Life was good growing up in the suburbs, before you knew that’s where you were. You had a discreet and obedient little thermostat instead of a madly clanging radiator, thick shag pile to roll around on instead of clackety cold polished wood, and a nice garage to pull in to — you were expected to parallel park exactly once in your lifetime, on your driving test. At twilight the fireflies lit up like unstrung yellow Christmas bulbs and the crickets chirped their vespers of senseless lust and glee and a carpet of glory rose up from the lawns until you felt you were wading through it.
There was always scaffolding around at college but no one minded since you were usually moving in a matter of months. Freshman week we drank grain punch and climbed around on it like we were playing a giant Donkey Kong game. Junior year my girlfriend ate mushrooms and sat out on it in a state of trippy wonder until campus security came and gently talked her down.
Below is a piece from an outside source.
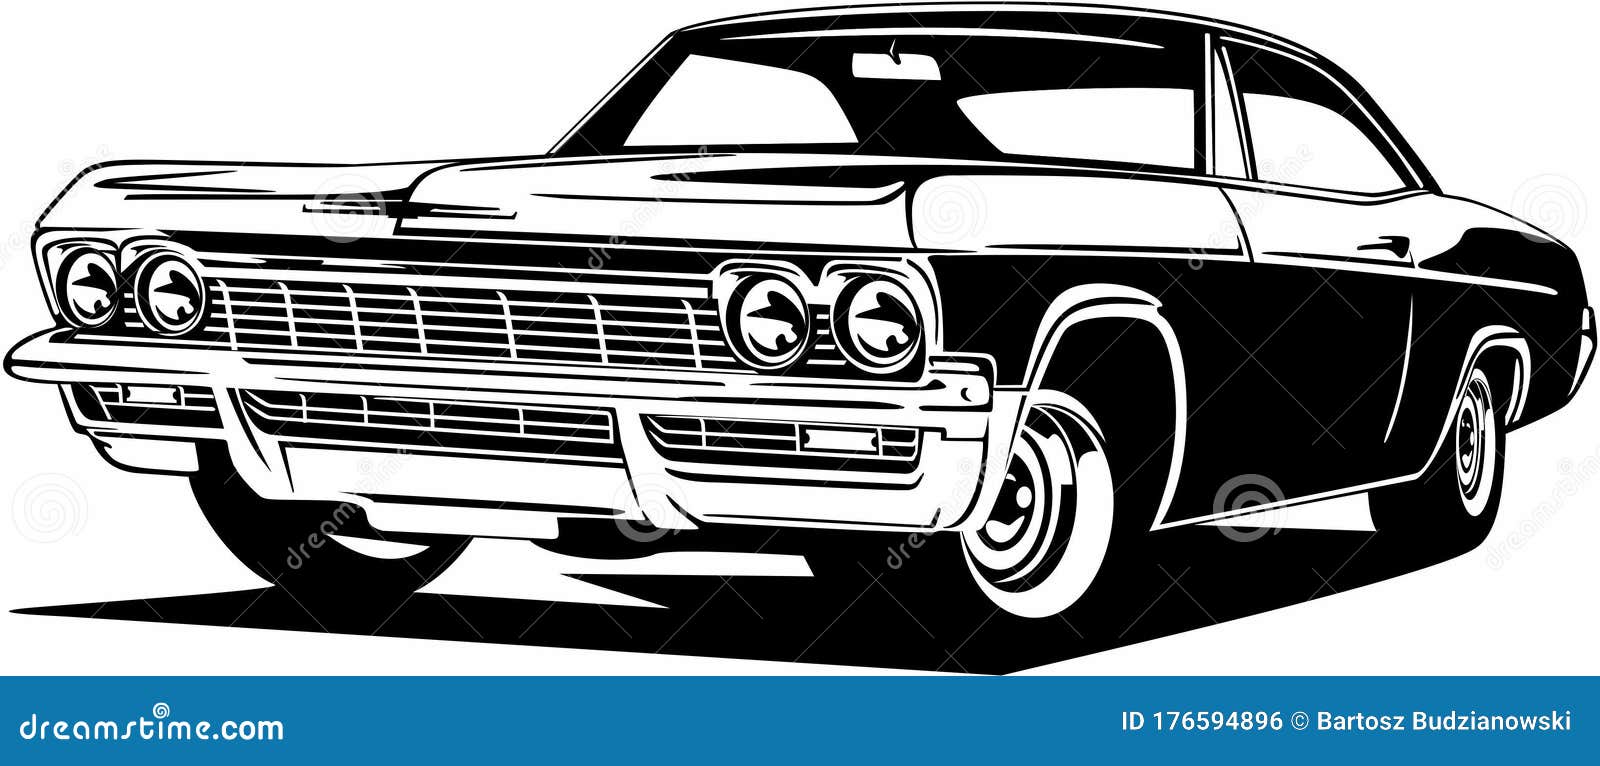 classic vintage retro american legendary car chevrolet impala

My last summer I even got a cushy job guarding it, with a hard hat and folding chair and thick novels by Melville, Joyce and Pynchon, which seemed themselves pointless feats of engineering, intricate sponges to sop up the flood of seemingly superfluous time.
It took me months to get used to the street noise here. People pour out of the bars wildly and triumphantly oblivious to my need for rest, just as I and my friends once poured out of the bars in someone else’s neighborhood. Prostitutes fight over the corner in voices as loud as opera divas, their indifference to the hour more shocking than their profession: sure, they’re shameless, but do they have any idea how late it is? Sometimes the city bus stops at the intersection and just waits there a full minute or two to get back on schedule, with a row of backed-up cars behind it each honking angrily at the one ahead. I hear car alarms and jackhammers more often than thank you and you’re welcome.
I guess I stay here for the conversation but it dies out a little more every year until you start to understand why they keep the jukebox turned up so loud in bars. Old friends get wary or just worn out; our lives either converge to such a degree they’re hardly worth discussing or diverge beyond all relation. Still you stay for friends you never see, the way you came for museums you never visit.
I tried to look at all the renovation in my neighborhood as a gladsome indicator of prosperity, but it didn’t help. I’m tired of this place, tired of streets that are torn up every time you turn around for no reason while a trash can someone had to drag out to warn of a pothole will be sitting in the middle of the street for a week, tired of cones and vests of safety orange and the urgent warning beeps of trucks backing up, tired of plywood tunnel detours and signs that say pardon our dust. I don’t want to live in this city anymore, where the very walls perish around you only to be reborn in the agony of time. I want to live in a city that’s done.